Review: Shock Waves (1977)
Directed by: Ken Wiederhorn
Starring: Peter Cushing, Brooke Adams, Fred Buch
Written by: John Harrison, Ken Wiederhorn
Music by: Richard Einhorn
IMDb
Although I’ve seen my fair share of zombie flicks, Ken Wiederhorn’s Shock Waves eluded me. Now that I think about it, I haven’t seen any of the many Nazi-themed zombie flicks. I regret waiting so long to watch this, though, because it’s a very eerie experience. The movie is about a group of shipwrecked tourists forced to take refuge in a creepy abandoned beachside hotel, where they are attacked by undead Nazi soldiers who rise from the ocean floor.

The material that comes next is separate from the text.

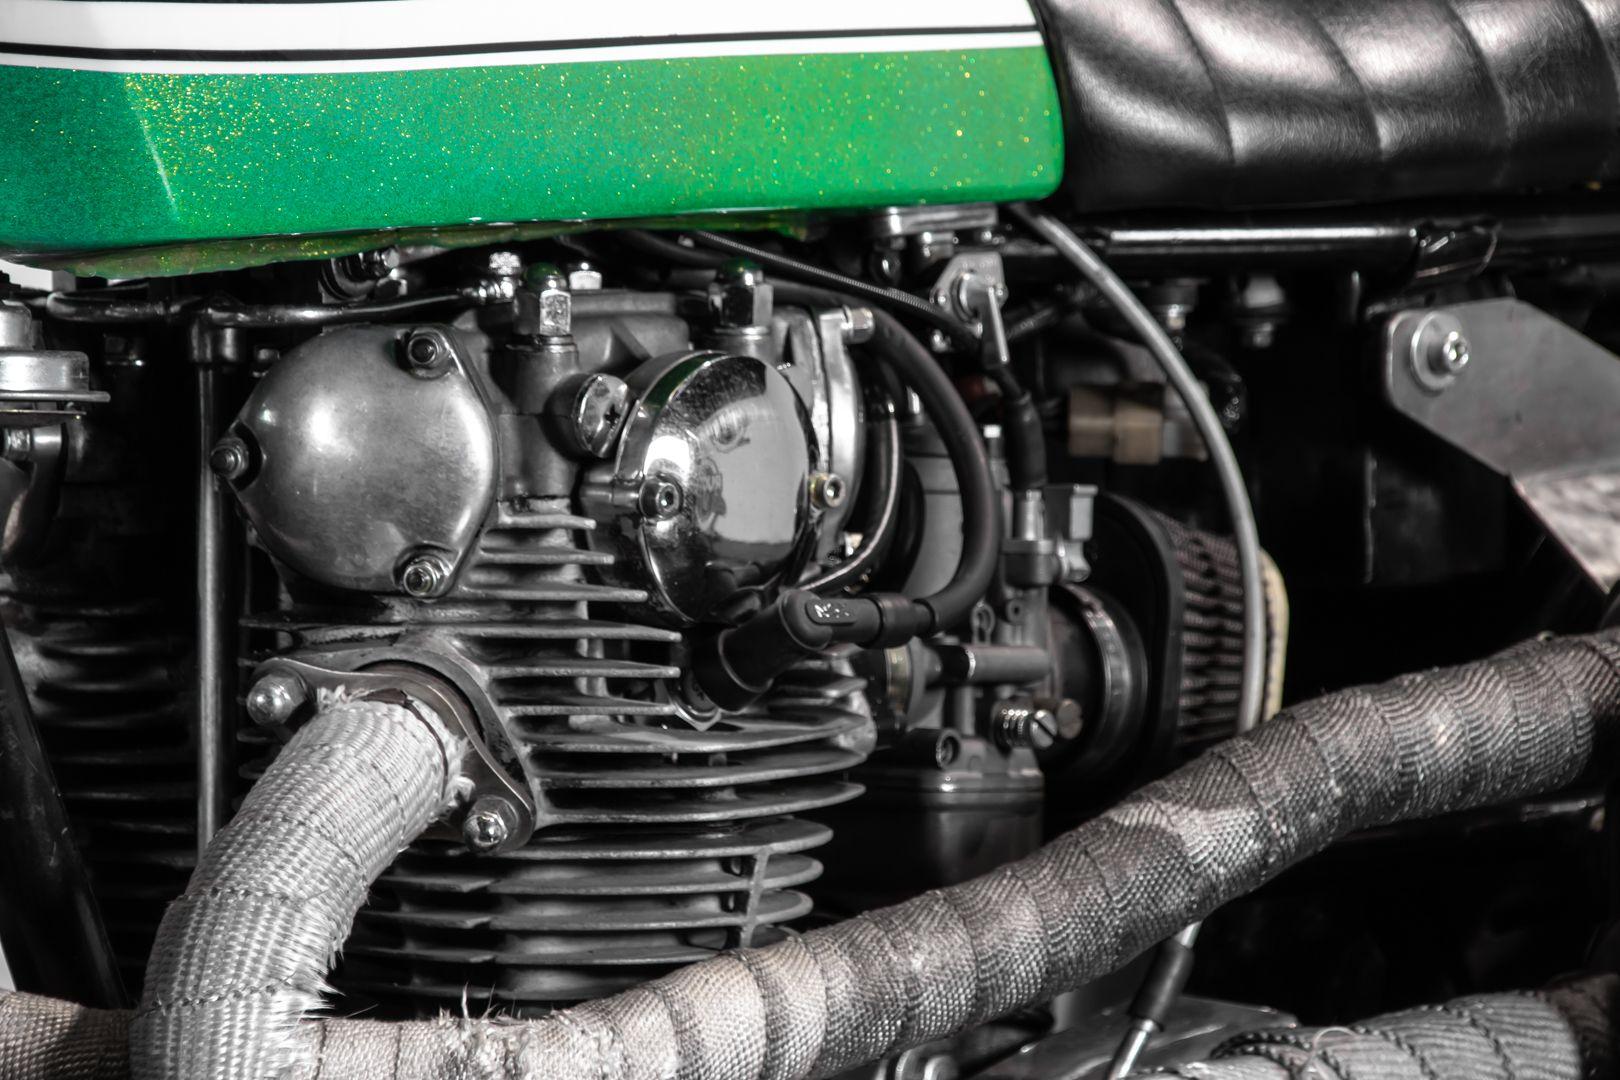 1971 Yamaha 650 XSI 79718
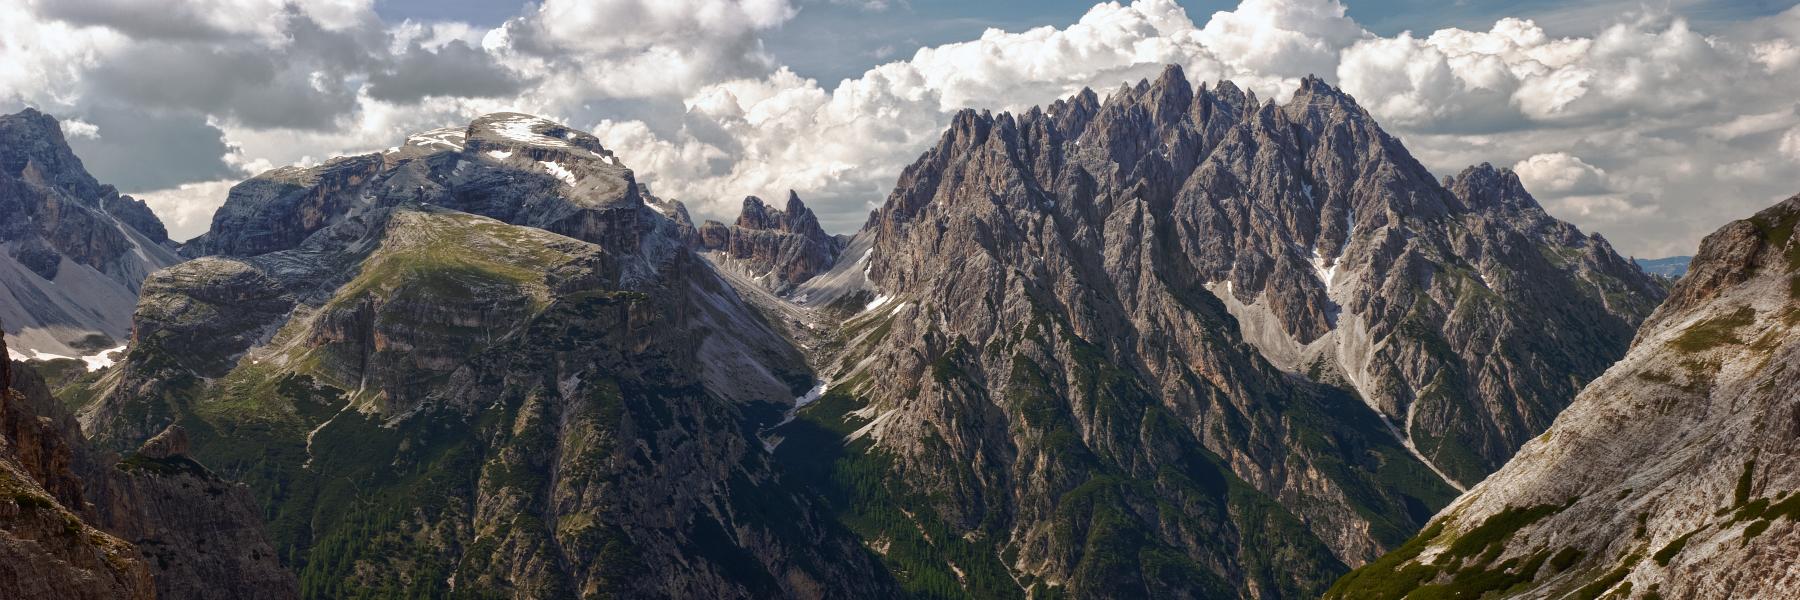 Two Mountains - around Tre Cime di Lavaredo

Shock Waves takes its gentle time from the start, focused more on building mood than scares. In fact, the scares never really come. This a pretty even-keeled horror movie that maintains a sort of simmering dread through its beautiful but ominous setting — including a number of chilling shots of the zombies traversing beneath the water’s surface — and a low-key sinister and unrelenting score from Richard Einhorn. Many shots are awash in sepia tone, adding to the other-worldliness of the film. There aren’t a ton of scenes in the genre more unsettling to me than when the zombie super-soldiers first rise from the ocean to descend on the hotel. While the soldiers themselves aren’t particularly frightening in appearance — looking like regular, if soggy, SS troops with bad skin and large goggles — nor are they very gruesome in their methods of execution, the way they silently stalk about and efficiently drown everyone is kind of unnerving nonetheless. However, there are definitely points in the movie where you’re expecting that horror to finally boil over, and it just never does. Though Shock Waves takes a unique approach, it does fail to deliver any gore, which is sort of a staple of zombie cinema. I don’t think even a single drop of human or ghoul blood is spilled, actually. But I can’t in good conscience dock the movie too harshly for that when it’s atmospheric as hell and offering something interesting and unconventional in a subgenre brutally slavish to convention. The movie is well worth a watch, even if, like me, your every cell cries out in anguish when you hear about another zombie movie, show, book, game, whatever.